Salary Calculator

How does Salary Calculator work?

Our Salary Calculator will easily evaluate your annual pre-tax salary taking into consideration the fixed Cost To Company (CTC) offered and variable pay (bonus) with all necessary deductions.

Deductions such as Provident Fund (Employer and Employee), Professional Tax and sometimes Employee Insurance are standard components of the CTC a company offers.

What is CTC?

Cost to Company (“CTC”) is an annual employee cost incurred/to be incurred by the Company.
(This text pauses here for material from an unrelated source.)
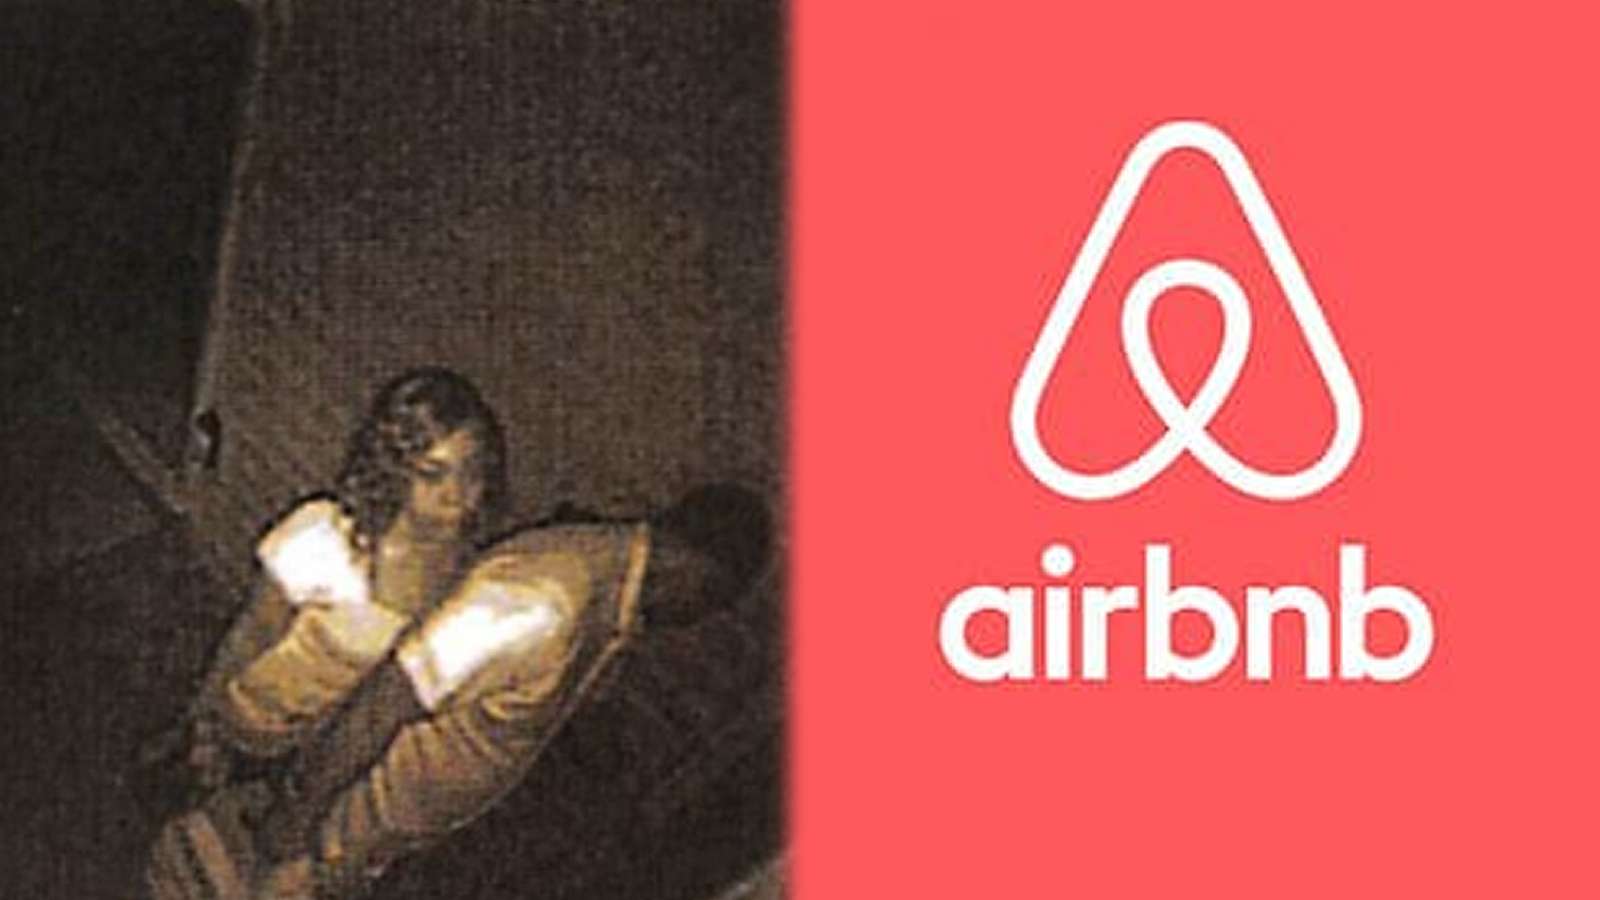 Man sues Airbnb host for sending his wife photos of him with another woman

CTC generally includes basic salary, house rent allowance (“HRA”), medical allowance, transport allowance, and other such allowances/variable pay available to the employee.
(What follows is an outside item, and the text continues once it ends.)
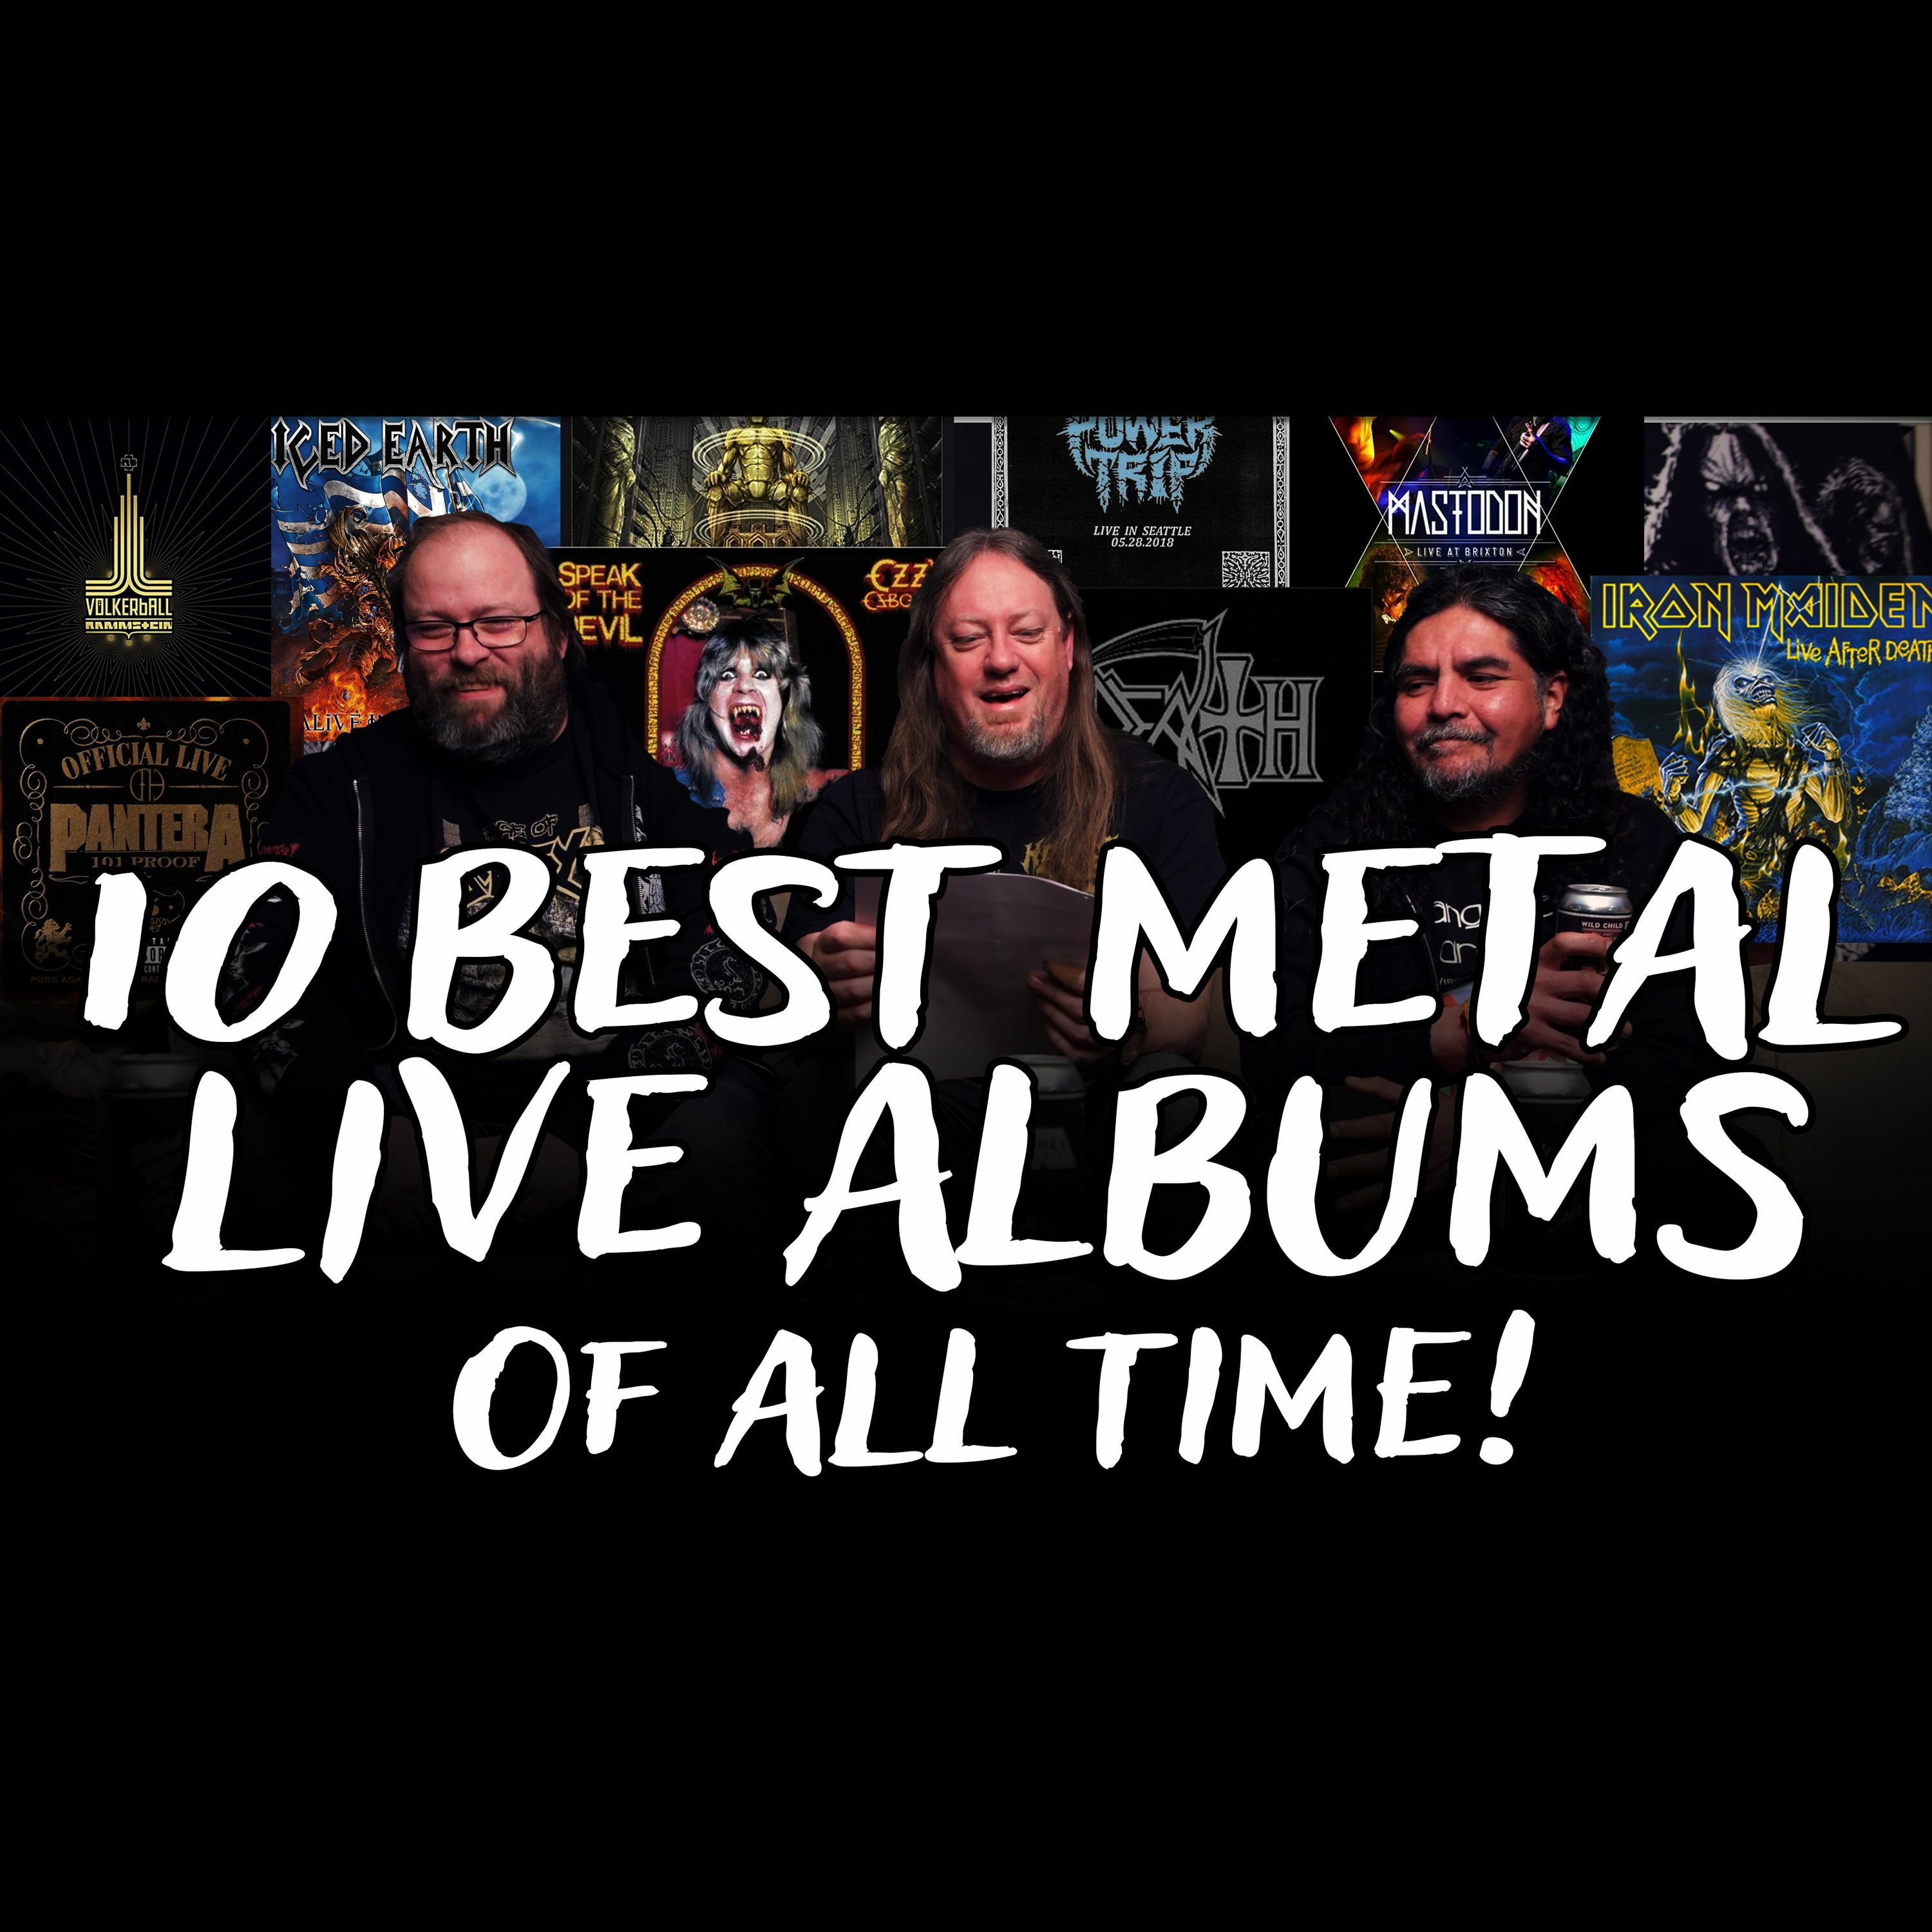 10 Best Metal Live Albums of All Time

CTC = Direct benefits (monetary) + Indirect benefits (non-monetary) + Savings contribution (contribution to PF. etc.).

CTC is never equal to the amount of take-home salary of the employee. There are many components in the CTC that one does not receive as part of a take-home salary such as non-monetary benefits viz lunch benefits/Subsidized Meals & Food Coupons, Company Leased Accommodation, Life & Medical Insurance premiums paid by employers, travel facility being provided by the Company, social security benefits, etc.

Components of CTC:

1. Basic Salary

Basic salary is a fixed component of an employee’s CTC and usually ranges from 40%-50% of the total CTC. As per the new labour code, the basic salary is fixed at 50% of the CTC.

2. HRA

House Rent Allowance (HRA) is offered to the employees residing in rented accommodation. It is a fixed component of the CTC and is partially or fully exempt from taxes under the Income Tax Act.
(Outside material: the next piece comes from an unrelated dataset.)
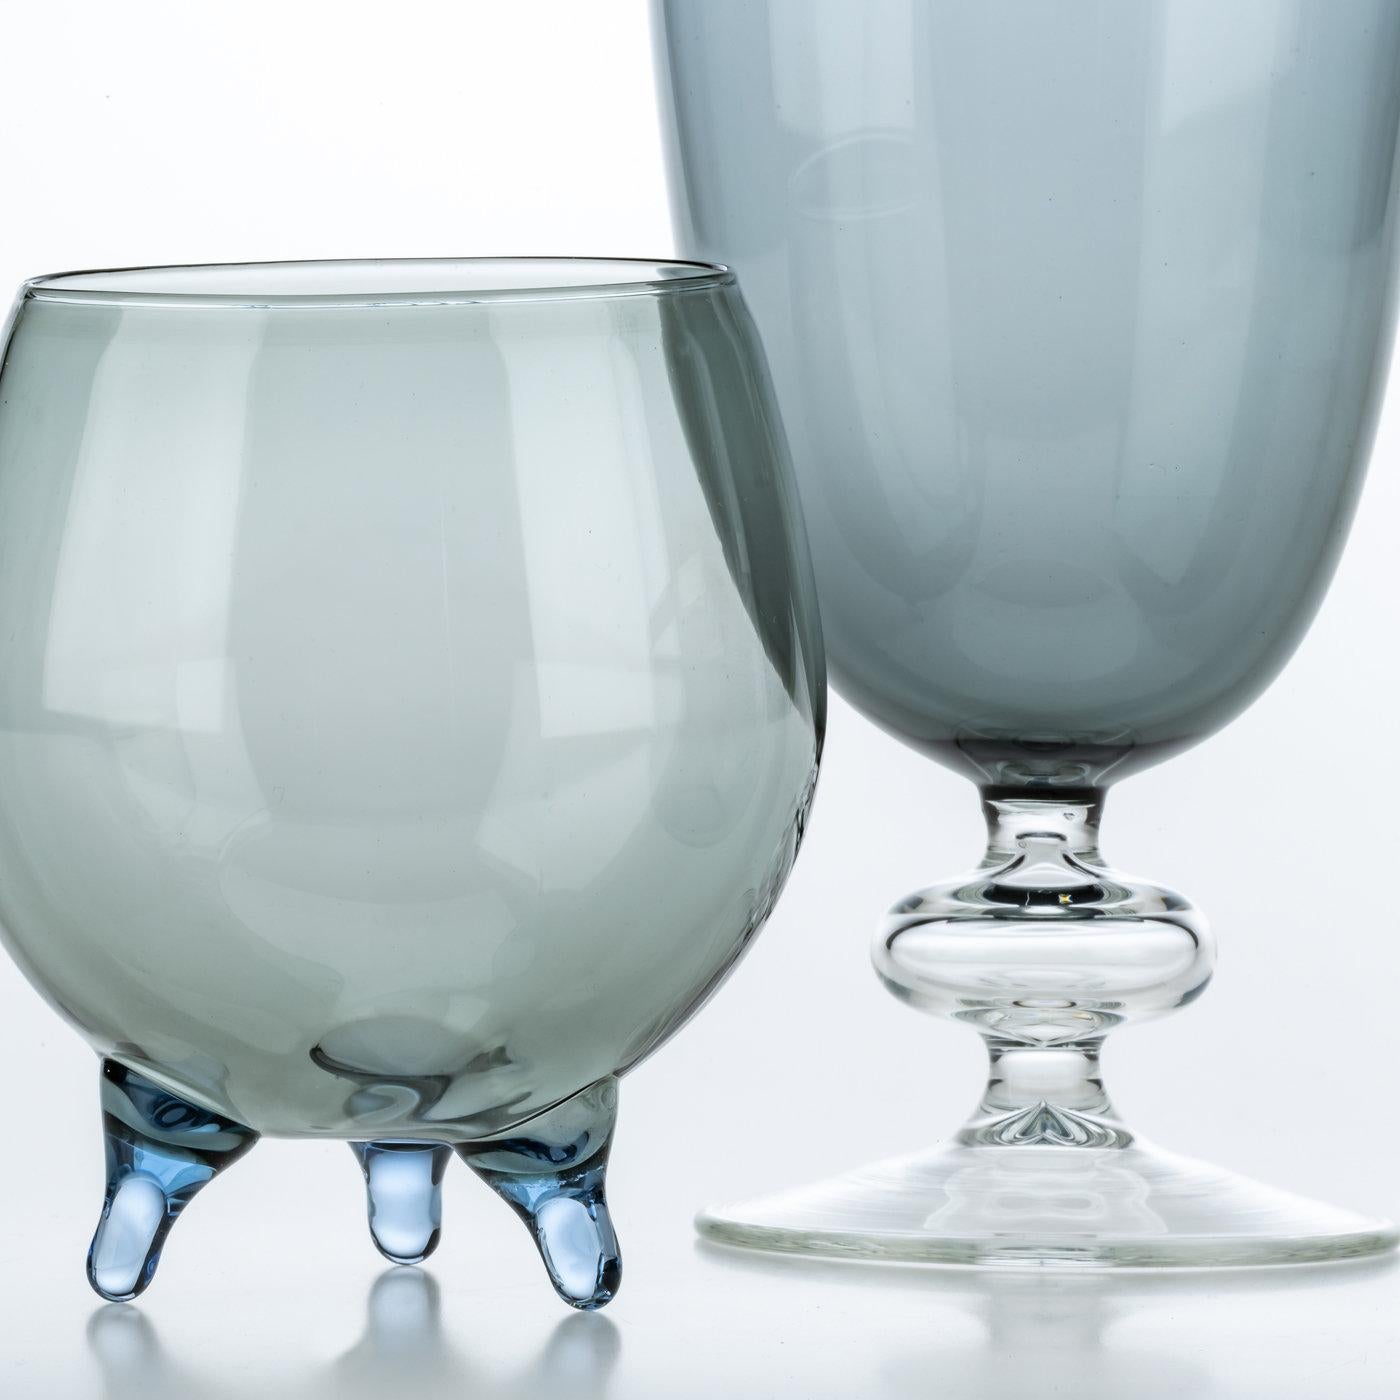 Fashioned of mouth-blown glass, this exceptional wine glass will add a bold look to any classic or contemporary table setting. The set is part of the Firenze Collection of drinkware inspired by the Italian city that was the heart of the Renaissance.

However, HRA is fully taxable if you don’t live in rented accommodation. HRA is usually fixed as 50% of the basic salary.

3. LTA

Leave Travel Allowance (LTA) is the allowance received by employees for the expenses incurred while travelling. LTA can be claimed by submitting proof of travel documents under the Income Tax Act.

4. Medical Allowance

The Employer disburses a set amount disbursed to the Employee every month irrespective of the actual medical expenses incurred by the latter.

5. EPF

Employee contribution to Provident Fund comprises 12% of one’s salary. Contributed by both the Employer and Employee; the deductions are reflected in the monthly take home.

6. Professional Tax

Professional tax is levied by the State in which an Employee has been hired. The amount of tax deducted varies as per each state and reflects monthly on the in-hand salary receipt.


– Stock options issued if any, are not considered as part of CTC.
– Various non-monetary benefits are not considered as part of CTC.
– Certain portion of the CTC can be allocated as a bonus.

For Example:

If your Cost To Company (CTC) is Rs 12 lakh. The employer gives you a bonus of Rs 2,00,000 for the financial year. Your total gross salary is Rs 12,00,000 – Rs 2,00,000 = Rs 10,00,000. (The bonus is deducted from the CTC).